═════ SUPPLIED INFORMATION
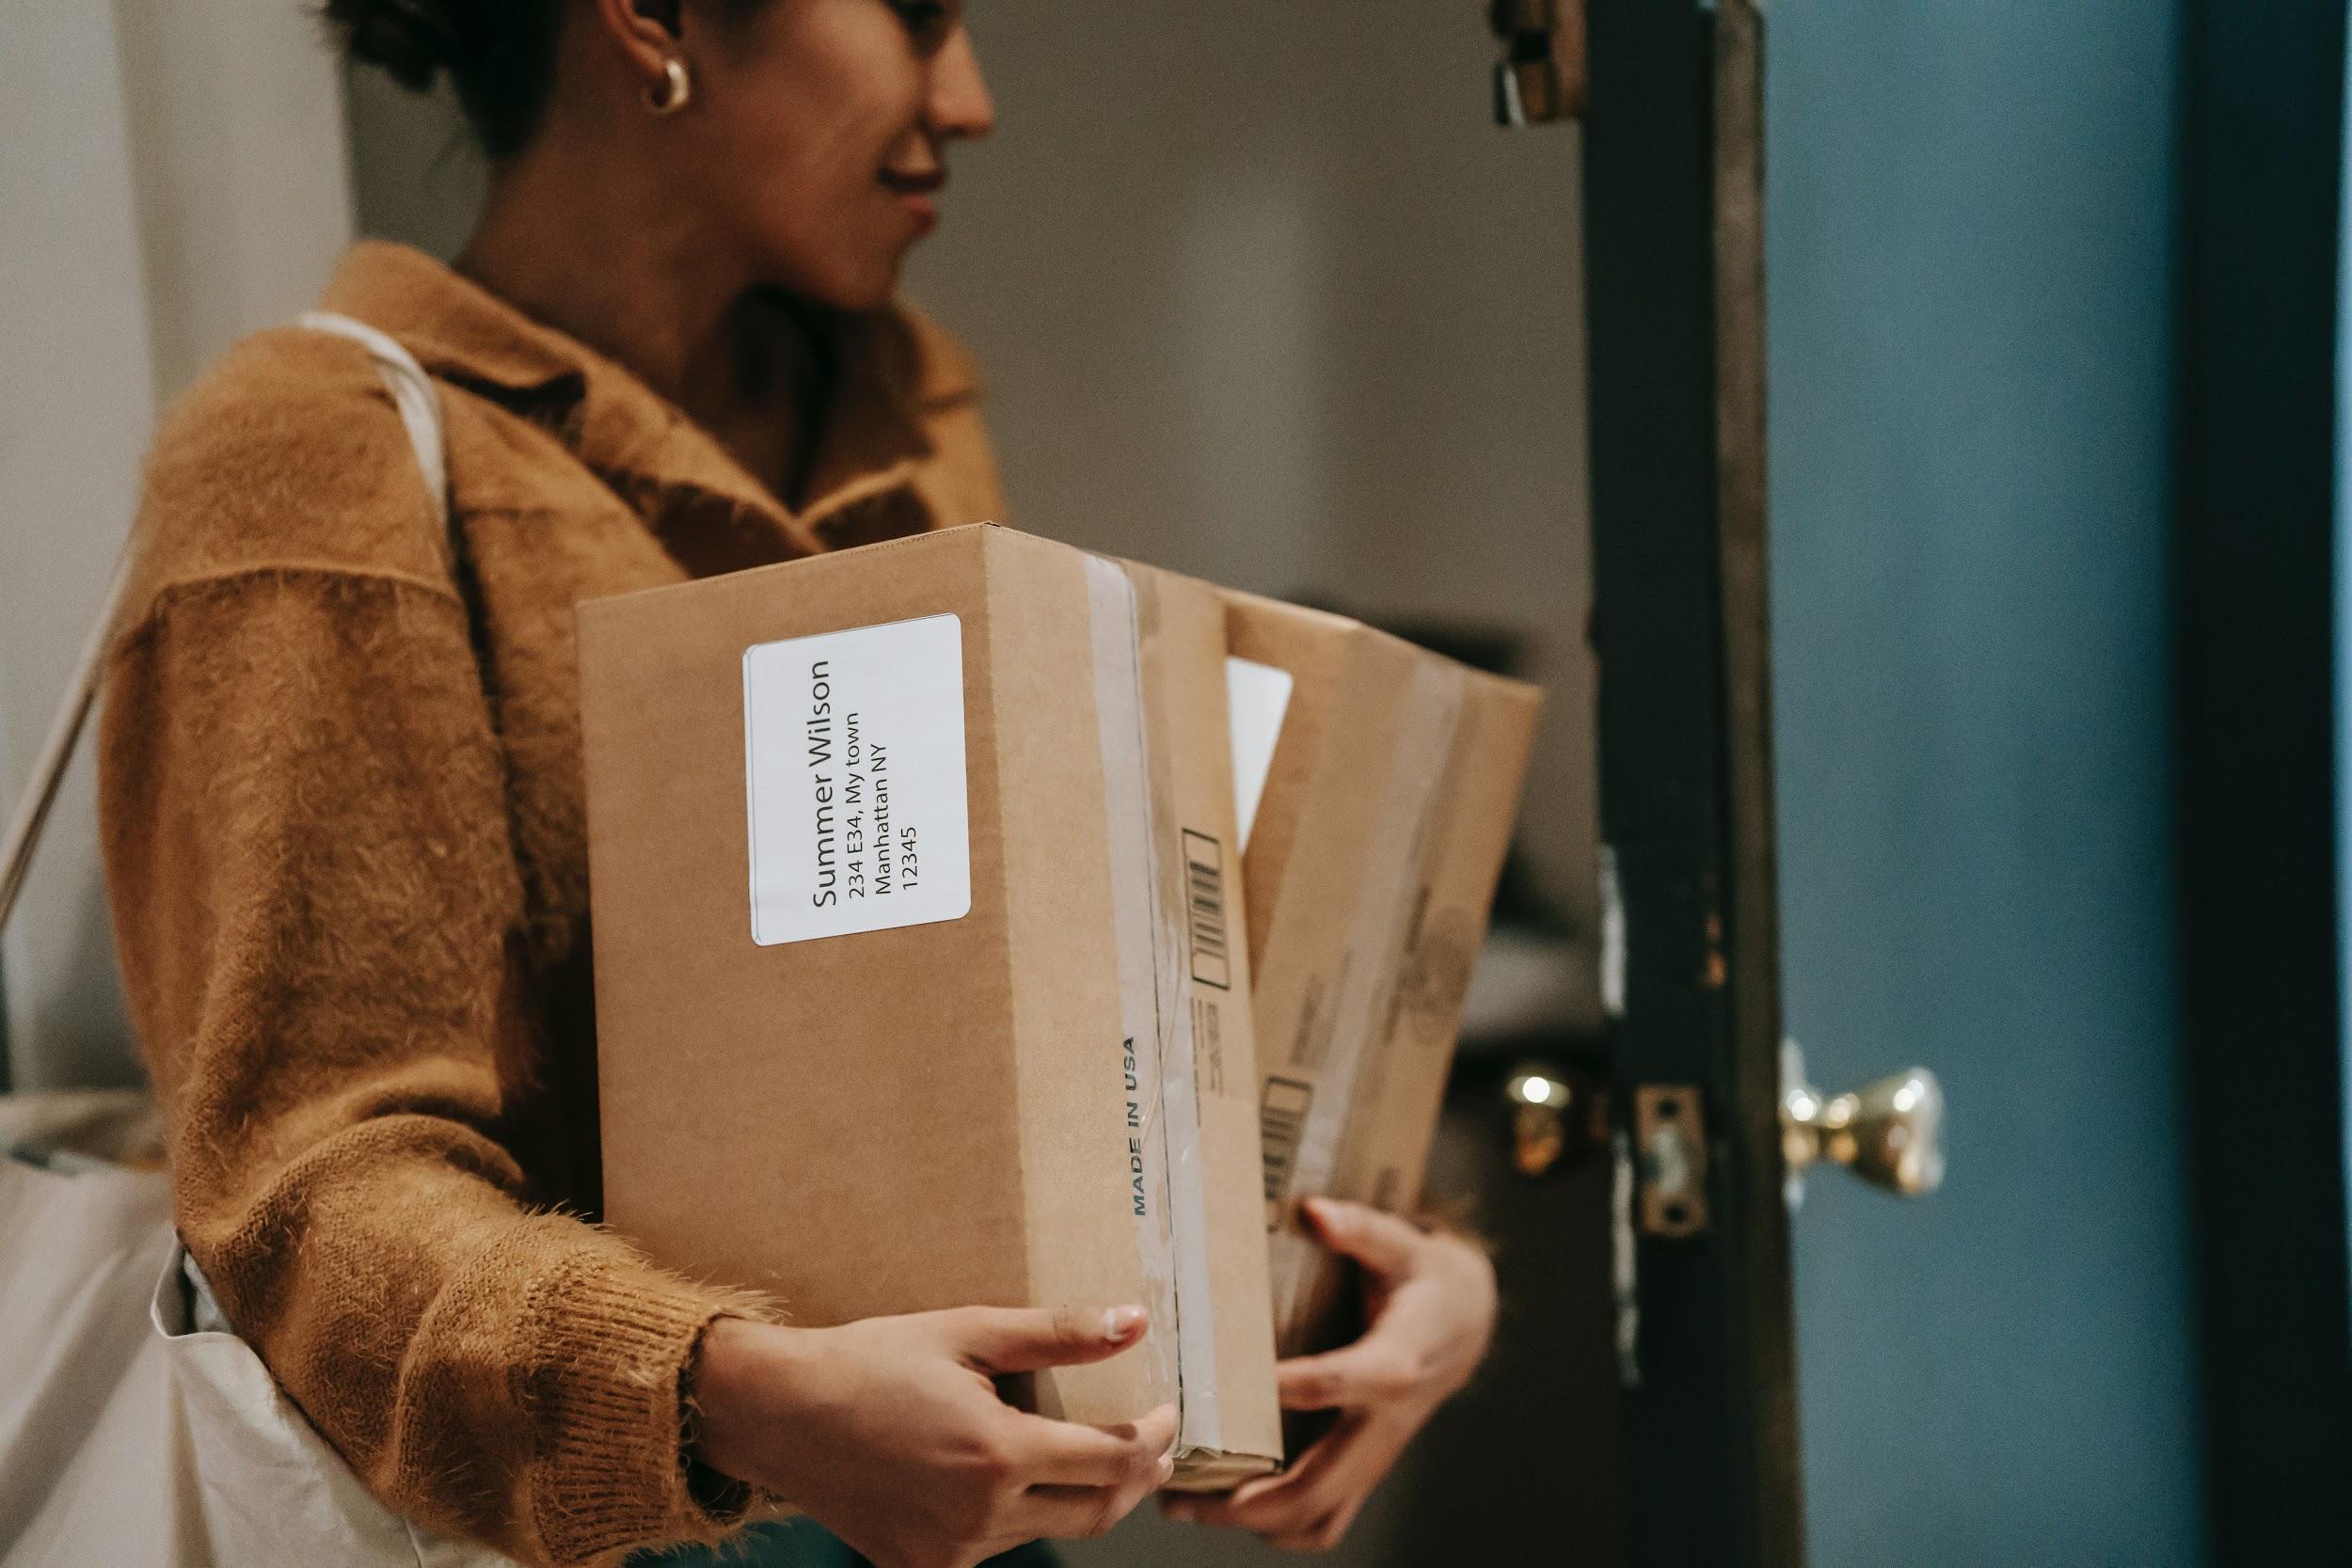 Descubra 13 segredos para poupar dinheiro nas compras online 4
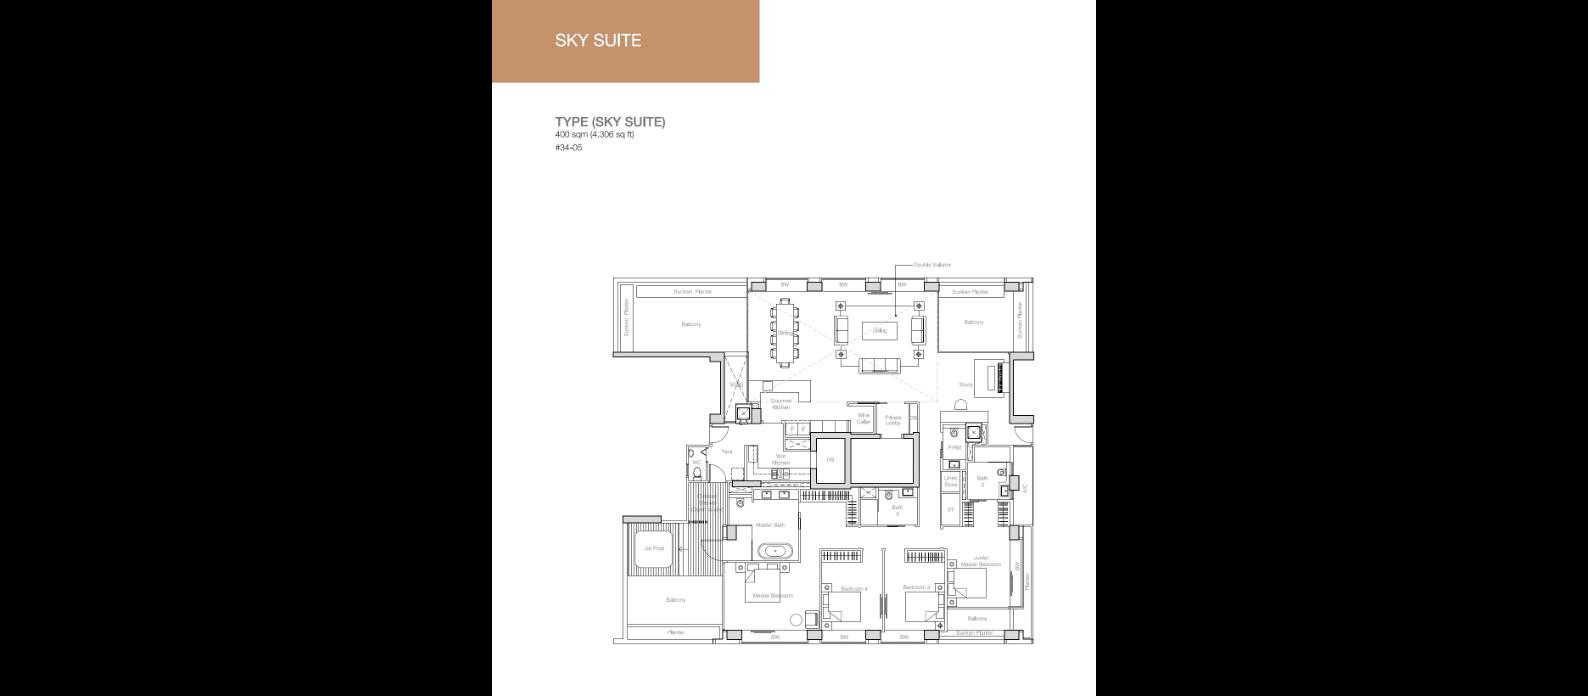 Nouvel 18 floor plan
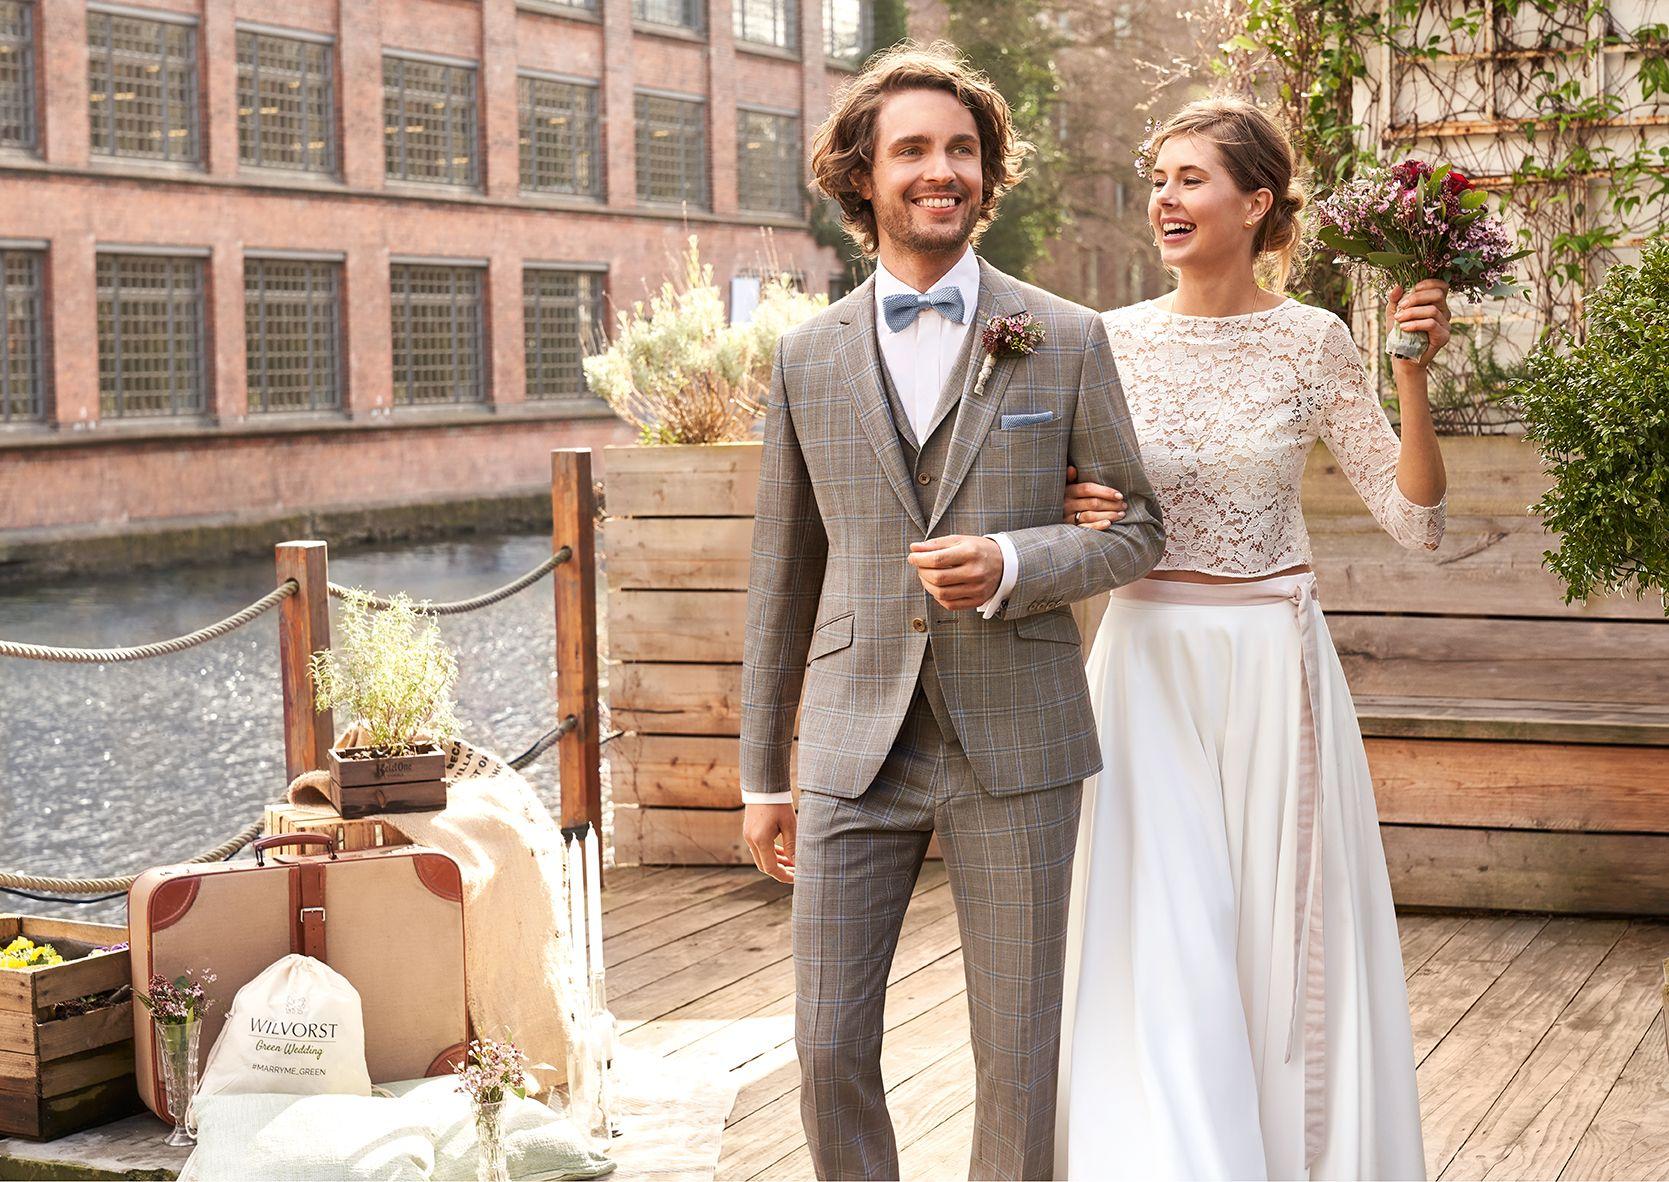 Hochzeitsanzug Green Wedding 2020.1 Look 4 | Kleid hochzeit
══════════
- _WORK TO COMPLETE_: Word for word, print all of the data; skip the pictures.

- _ANSWER FOR THE TASK_:
 Descubra 13 segredos para poupar dinheiro nas compras online 4
 Nouvel 18 floor plan
 Hochzeitsanzug Green Wedding 2020.1 Look 4 | Kleid hochzeit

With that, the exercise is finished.